Secondo quanto dichiarato dal ministro, la proposta italiana di sostenere un nome proveniente dall’area del centrosinistra italiano sarebbe stata ostacolata da dinamiche politiche europee che avrebbero indebolito la posizione del governo. Lollobrigida ha infatti criticato apertamente l’atteggiamento del Partito Democratico e dei suoi alleati socialisti, accusandoli di non aver favorito una mediazione efficace in sede europea.

Il ministro ha inoltre annunciato l’intenzione di intervenire direttamente presso le istituzioni comunitarie, sottolineando la necessità di chiarire la posizione italiana all’interno del confronto internazionale. Il tema centrale resta la costruzione di un consenso attorno alla candidatura, in un processo che, come ricordato dallo stesso Lollobrigida, si svilupperà fino al 2028, anno in cui verrà deciso il futuro assetto della guida della FAO.

La partita diplomatica, secondo il ministro, non si limita ai rapporti europei ma coinvolge anche interlocutori extra-Ue, con particolare attenzione agli Stati Uniti, chiamati a svolgere un ruolo di equilibrio nei rapporti internazionali.

Le tensioni tra Italia e Spagna

Nel corso delle sue dichiarazioni, Lollobrigida ha evidenziato anche un passaggio di confronto diretto con la Spagna, accusata di aver sostenuto una candidatura alternativa attraverso il proprio ministro dell’Agricoltura, Luis Planas. Una scelta che, secondo la lettura del governo italiano, avrebbe complicato il percorso della candidatura sostenuta da Roma.

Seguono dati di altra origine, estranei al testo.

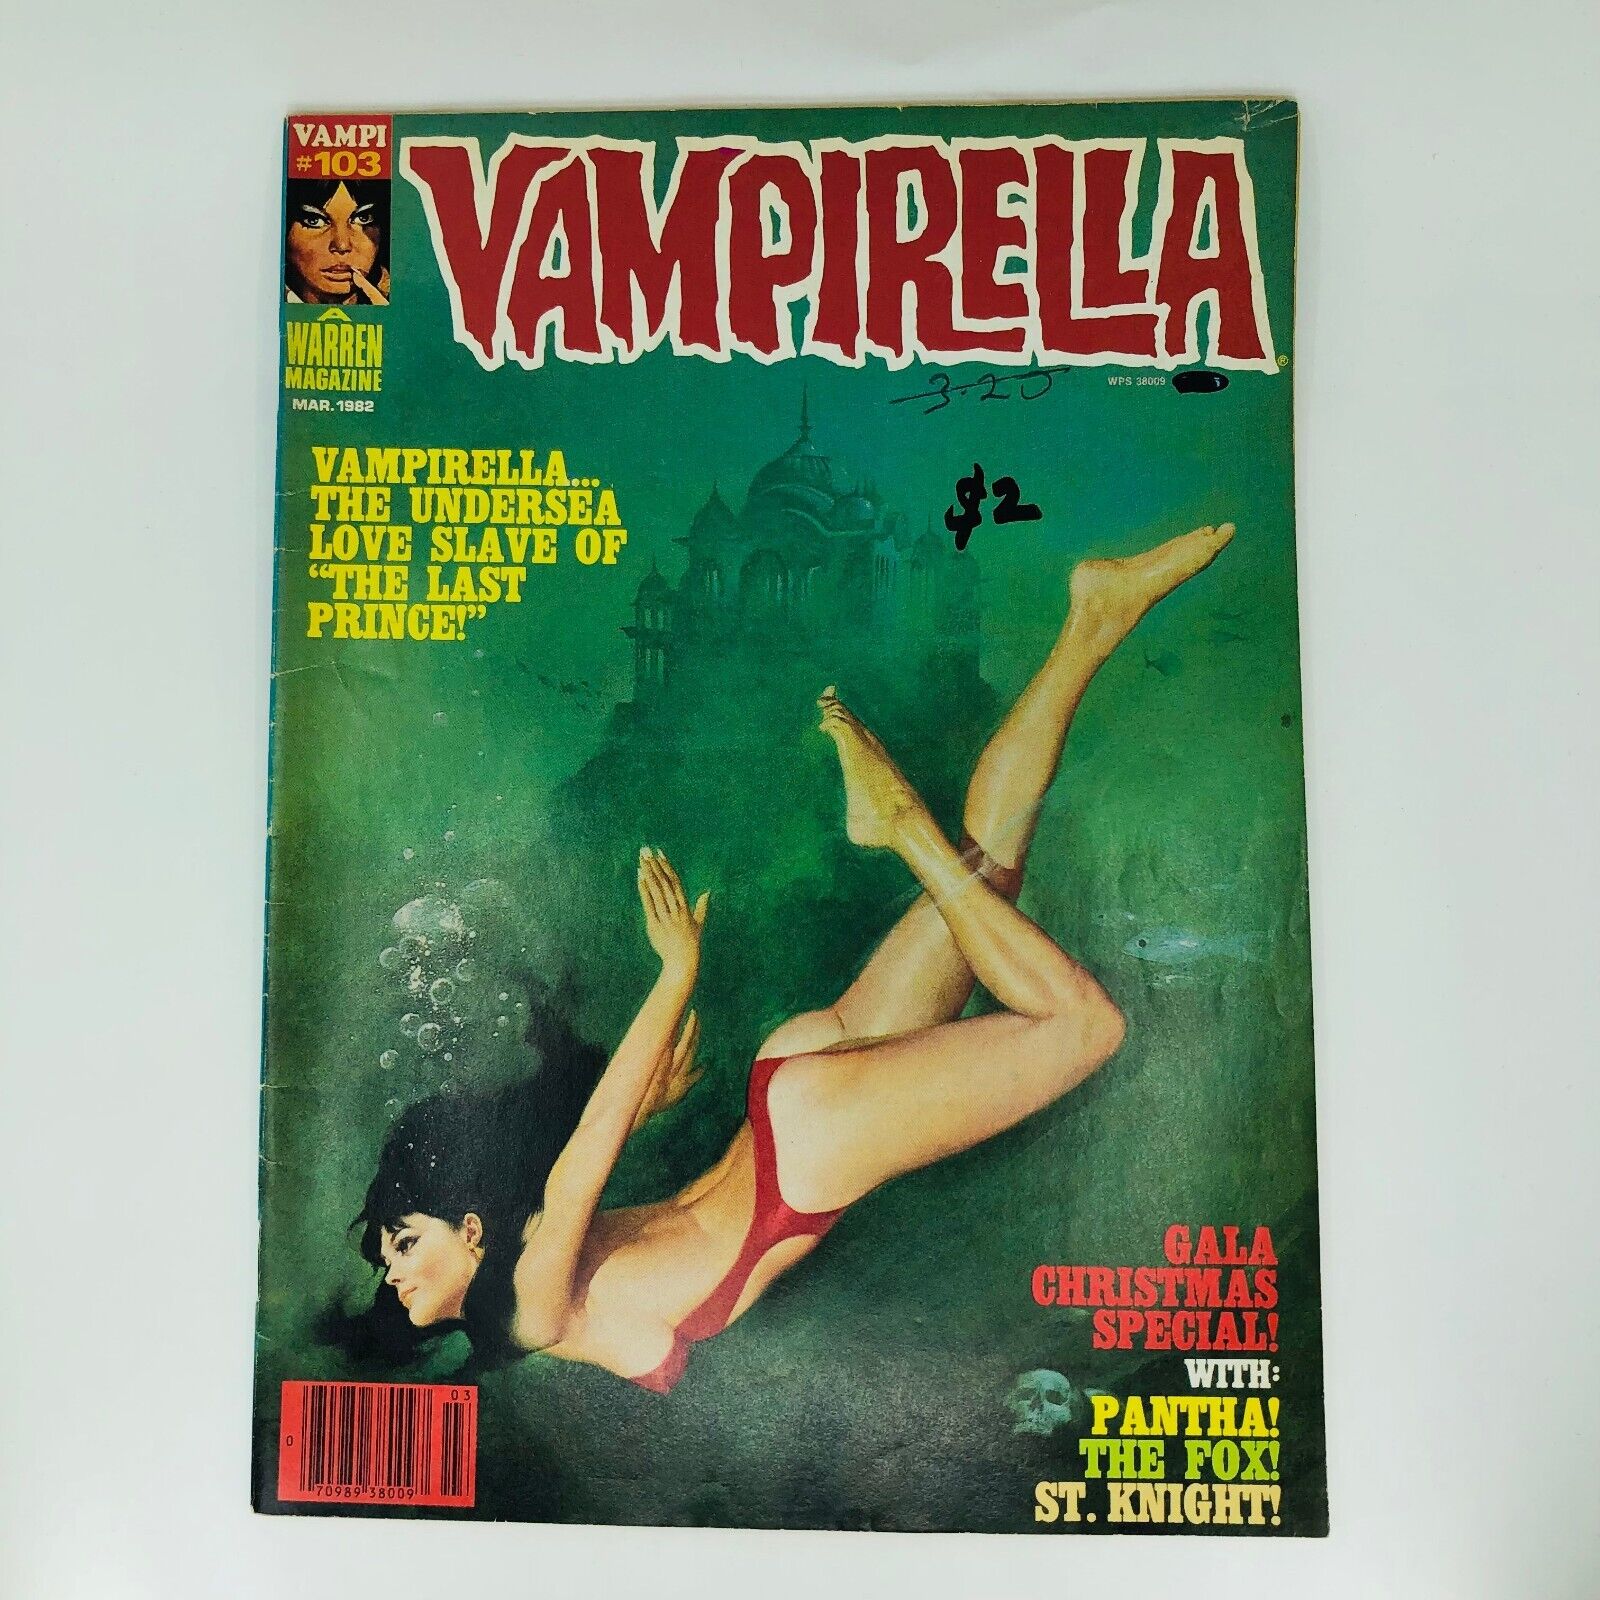 Vampirella #103 - Vampire - Horror Magazine - Warren - 1982 March

Il ministro ha fatto riferimento anche a contatti e iniziative diplomatiche avviate nelle ultime settimane, compresa una lettera indirizzata a Maria Panayiotou, ministra dell’Agricoltura di Cipro e attuale presidente di turno del Consiglio dell’Unione europea. Un passaggio che conferma come il dossier sia ormai entrato pienamente nel circuito istituzionale europeo.

Le critiche si inseriscono in un contesto di relazioni complesse tra governi alleati, dove le scelte sulle nomine internazionali diventano spesso terreno di confronto politico oltre che diplomatico.

Strategie e alleanze internazionali

La costruzione della candidatura per la guida della FAO appare quindi come un processo ancora aperto, che richiede un lavoro di alleanze e mediazioni tra più livelli istituzionali. Secondo quanto emerge dalle dichiarazioni del ministro, il sostegno a livello internazionale non è ancora consolidato e necessita di ulteriori passaggi diplomatici.

Il governo italiano punta a rafforzare la propria posizione anche attraverso il dialogo con partner strategici al di fuori dell’Europa, mentre sul piano interno la vicenda continua a generare tensioni politiche tra maggioranza e opposizione.

Il riferimento al Partito Democratico e al ruolo dei socialisti europei evidenzia come la questione si intrecci anche con gli equilibri politici nazionali, trasformando una nomina internazionale in un caso di confronto politico a più livelli.

In attesa dei prossimi sviluppi, la partita per la guida della FAO resta aperta, destinata a proseguire nei prossimi anni tra diplomazia, strategie e nuove alleanze internazionali ancora tutte da definire.